GIVEN DATA:
^^^^
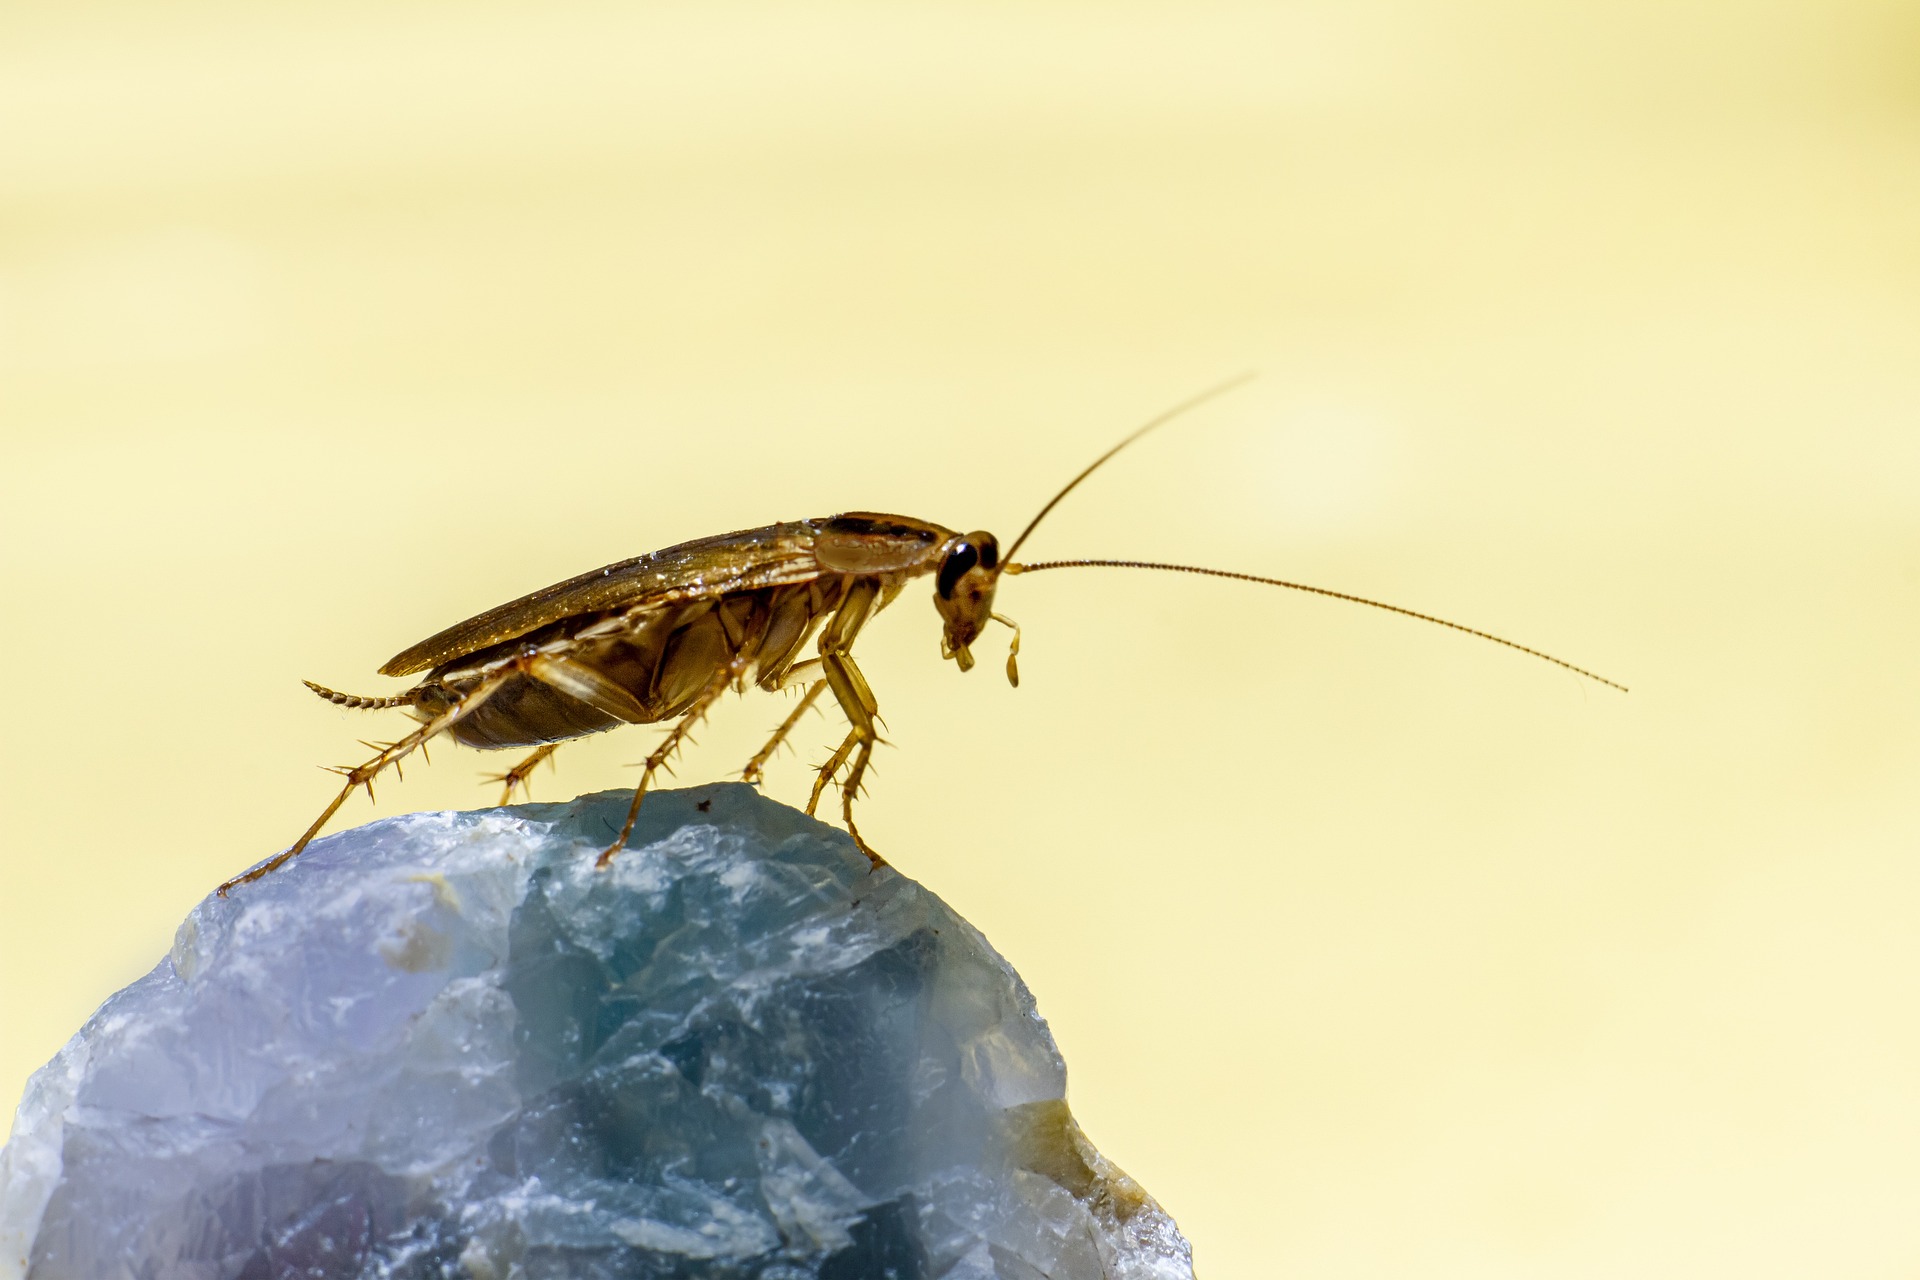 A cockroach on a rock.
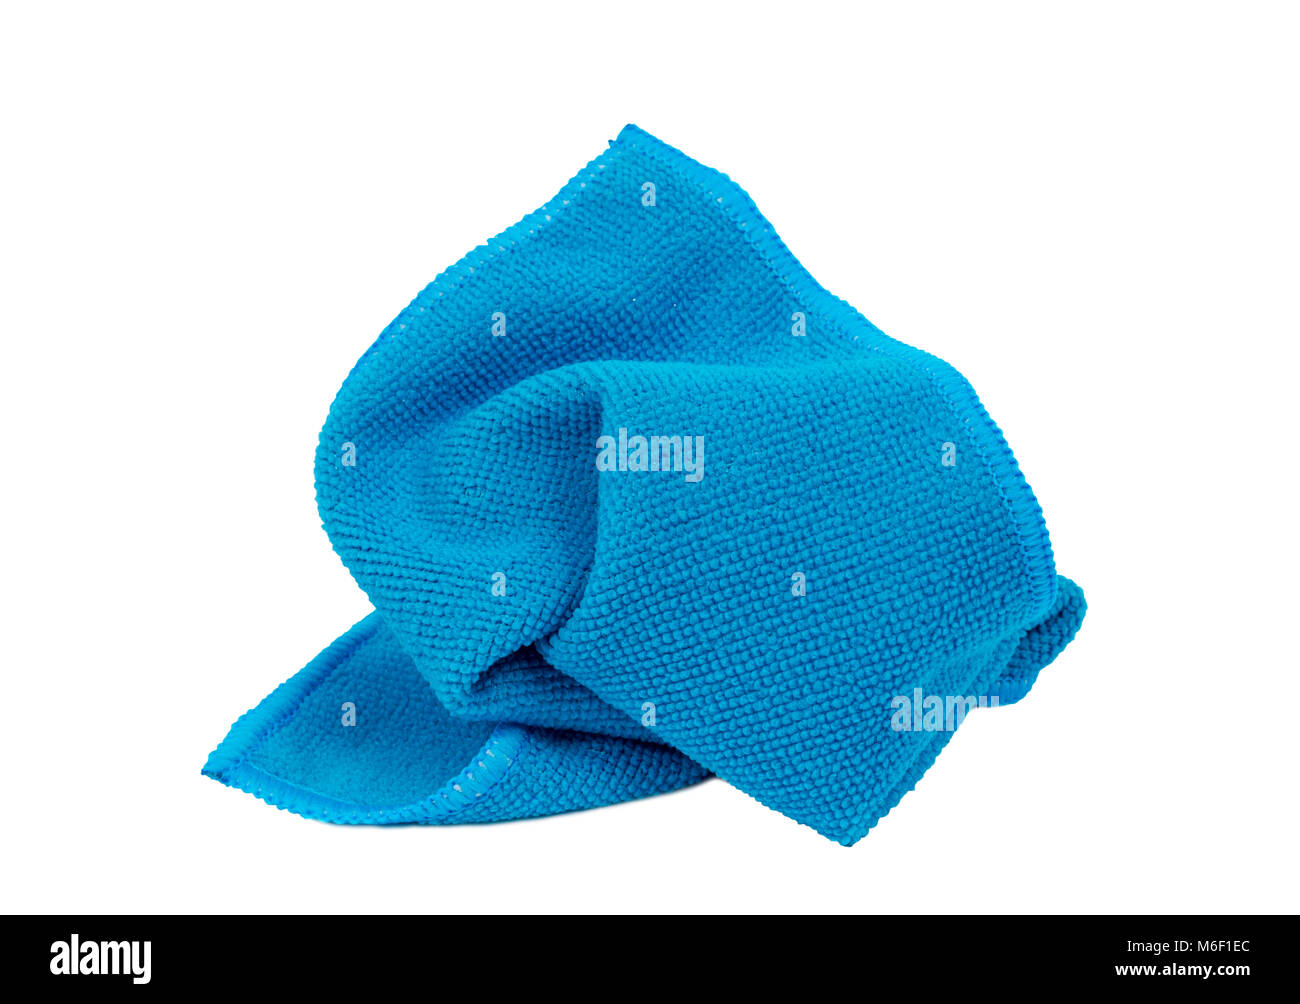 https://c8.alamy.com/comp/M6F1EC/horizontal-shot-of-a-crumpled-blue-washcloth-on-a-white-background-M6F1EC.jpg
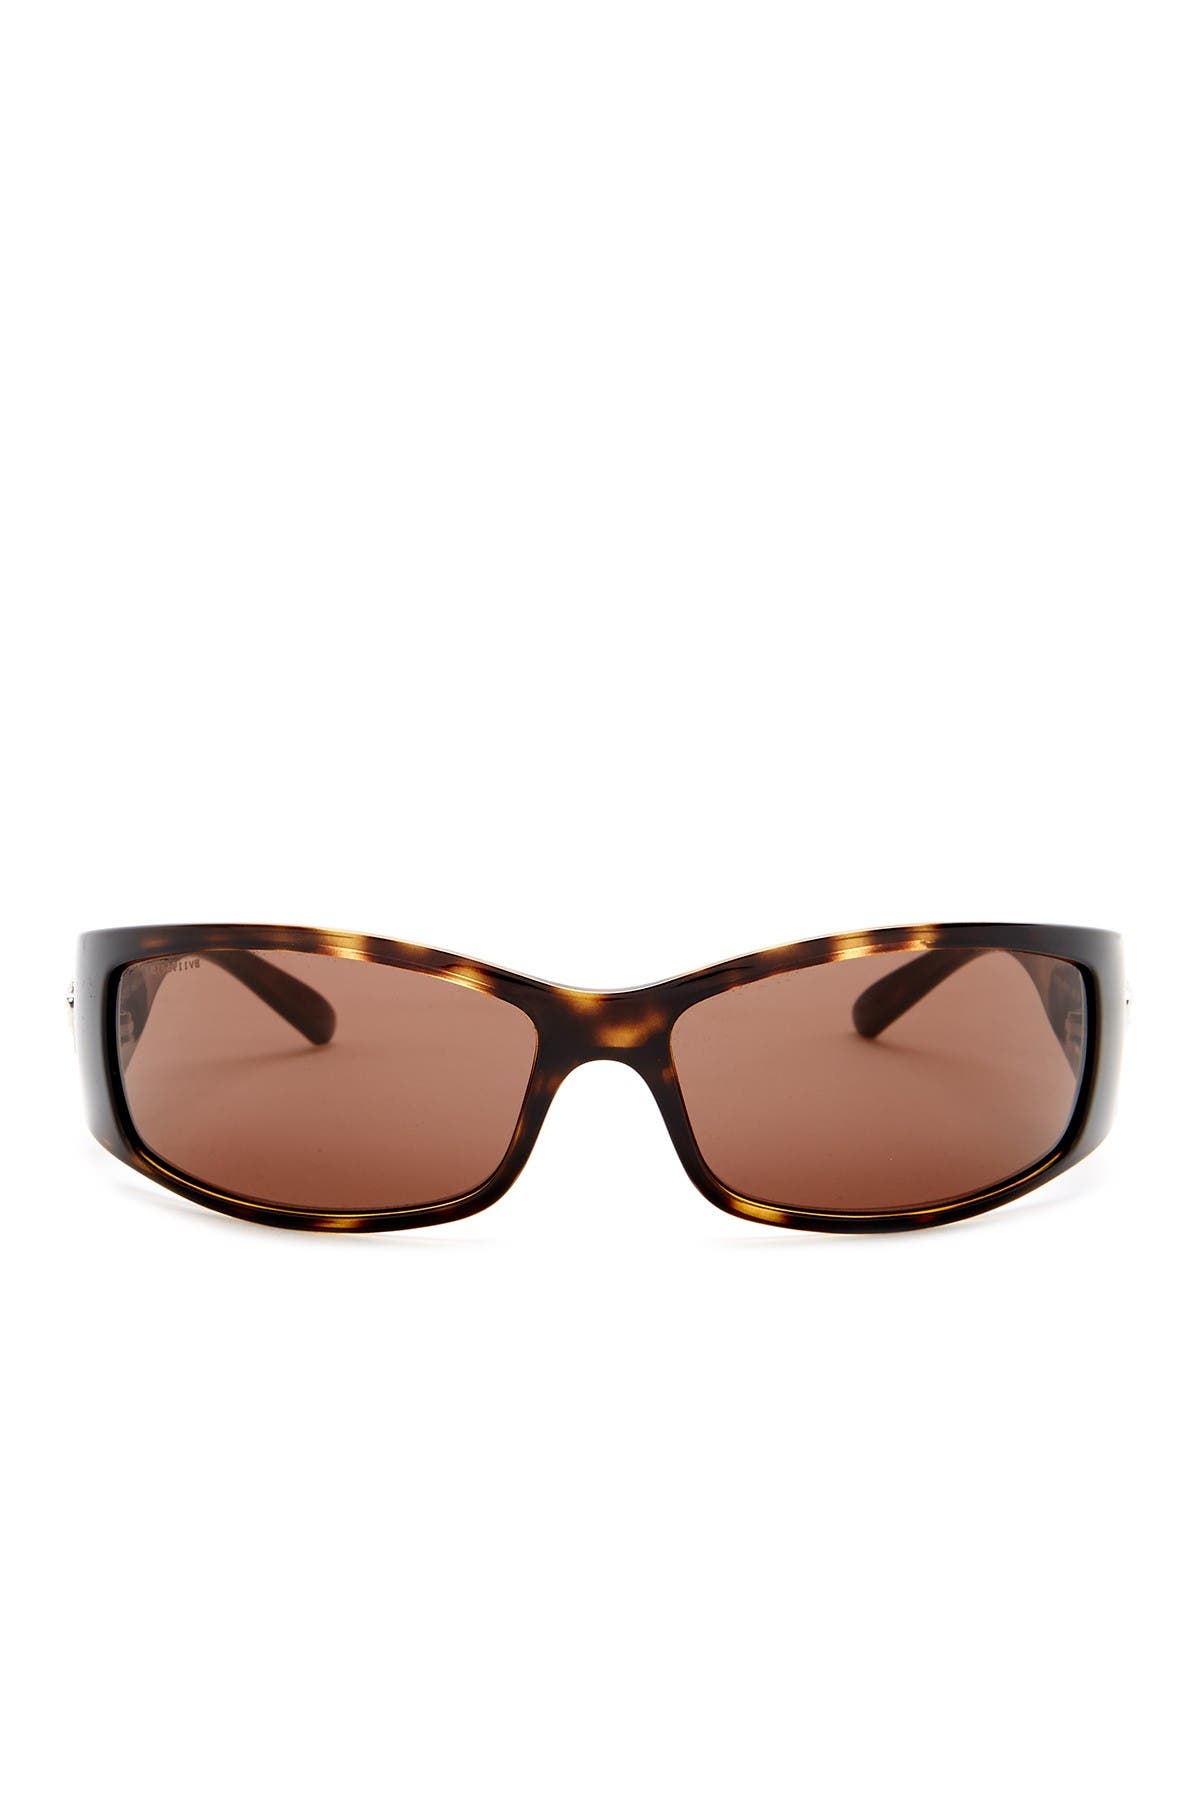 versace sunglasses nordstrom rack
^^^^
EXERCISE DIRECTIONS:
Strip out the pictures and quote the remaining data word for word.

SOLUTION FOR THIS TASK:
 A cockroach on a rock.
 https://c8.alamy.com/comp/M6F1EC/horizontal-shot-of-a-crumpled-blue-washcloth-on-a-white-background-M6F1EC.jpg
 versace sunglasses nordstrom rack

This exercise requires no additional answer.